# LookBench Model Evaluation

[![Open In Colab](https://colab.research.google.com/assets/colab-badge.svg)](https://colab.research.google.com/github/SerendipityOneInc/look-bench/blob/main/notebooks/02_model_evaluation.ipynb)

This notebook demonstrates how to perform **complete model evaluation** on the LookBench dataset with all metrics.

We'll evaluate models using:
- **Recall@K** (K=1, 5, 10, 20)
- **MRR** (Mean Reciprocal Rank)
- **NDCG@5** (Normalized Discounted Cumulative Gain)
- **mAP** (Mean Average Precision)

📄 **Paper**: [arxiv.org/abs/2601.14706](https://arxiv.org/abs/2601.14706)

## Setup

In [None]:
# Install required packages
!pip install -q torch torchvision transformers datasets pillow pandas pyarrow pyyaml tqdm matplotlib

# Clone LookBench repository
!git clone https://github.com/SerendipityOneInc/look-bench.git
%cd look-bench

import sys
sys.path.append('/content/look-bench')

print("✅ Setup complete!")

In [None]:
import torch
import numpy as np
from datasets import load_dataset
from tqdm import tqdm
import matplotlib.pyplot as plt

from manager import ConfigManager, ModelManager
from metrics import RankEvaluator, MRREvaluator, NDCGEvaluator, MAPEvaluator

print("✅ Imports successful!")

## Load LookBench Dataset

Choose which subset to evaluate:
- `real_studio_flat` - Easy: single-item retrieval
- `aigen_studio` - Medium: AI-generated studio images
- `real_streetlook` - Hard: multi-item outfit retrieval
- `aigen_streetlook` - Hard: AI-generated street looks

In [None]:
# Load dataset from Hugging Face
print("Loading LookBench dataset...")
dataset = load_dataset("srpone/look-bench")
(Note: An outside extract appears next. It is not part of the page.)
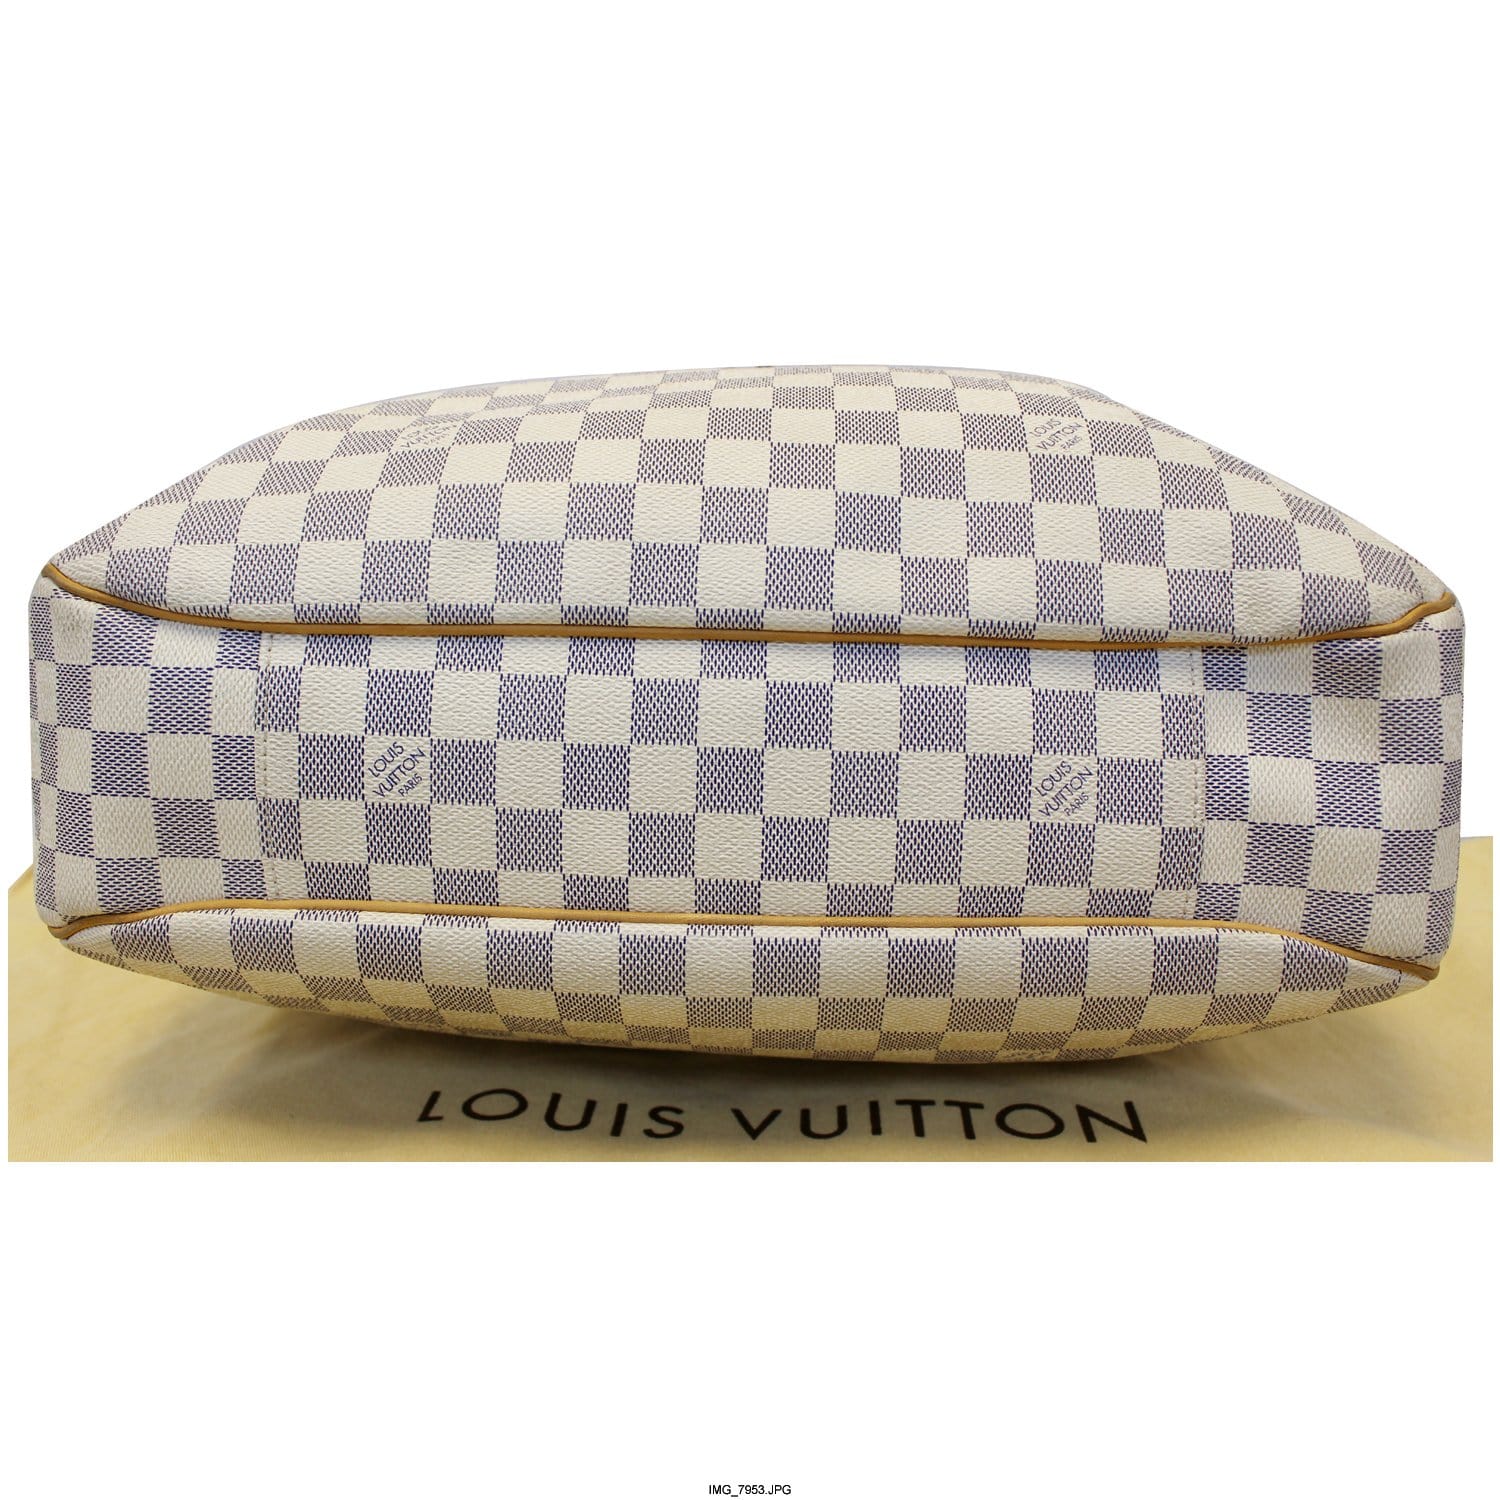 LOUIS VUITTON Evora MM Damier Azur Tote Shoulder Bag Excellent

# Choose subset to evaluate
subset_name = 'real_studio_flat'  # Change this to evaluate other subsets

query_data = dataset[subset_name]['query']
gallery_data = dataset[subset_name]['gallery']
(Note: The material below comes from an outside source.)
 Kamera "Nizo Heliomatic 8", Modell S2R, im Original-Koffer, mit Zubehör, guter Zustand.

print(f"\n✅ Evaluating on: {subset_name}")
print(f"   Query samples: {len(query_data)}")
print(f"   Gallery samples: {len(gallery_data)}")

## Load Model

Available models: `clip`, `siglip`, `dinov2`

In [None]:
# Initialize managers
config_manager = ConfigManager('configs/config.yaml')
model_manager = ModelManager(config_manager)

# Choose model to evaluate
model_name = 'clip'  # Change to 'siglip' or 'dinov2' to test other models

# Load model
print(f"Loading {model_name} model...")
model, model_wrapper = model_manager.load_model(model_name)
transform = model_manager.get_transform(model_name)

model.eval()
if torch.cuda.is_available():
    model = model.cuda()
    print("✅ Model moved to CUDA")
else:
    print("⚠️ Running on CPU (slower)")

print(f"✅ Model loaded: {model_name}")

## Extract Features

This may take a few minutes depending on dataset size and GPU availability.

In [None]:
def extract_features_from_dataset(data, model, transform, batch_size=32):
    """Extract features from a dataset"""
    features = []
    labels = []
    
    with torch.no_grad():
        for i in tqdm(range(0, len(data), batch_size), desc="Extracting features"):
            batch_data = data[i:i+batch_size]
            
            batch_images = []
            batch_labels = []
            
            for idx, sample in enumerate(batch_data):
                img = sample['image']
                img_tensor = transform(img)
                batch_images.append(img_tensor)
                
                # Use item_ID as label if available, otherwise use index
                label = sample.get('item_ID', i + idx)
                batch_labels.append(label)
            
            # Stack batch
            batch_tensor = torch.stack(batch_images)
            if torch.cuda.is_available():
                batch_tensor = batch_tensor.cuda()
            
            # Extract features
            batch_features = model(batch_tensor)
            features.append(batch_features.cpu())
            labels.extend(batch_labels)
    
    features = torch.cat(features, dim=0)
    return features.numpy(), np.array(labels)

# Extract features
print("\n📊 Extracting query features...")
query_features, query_labels = extract_features_from_dataset(query_data, model, transform)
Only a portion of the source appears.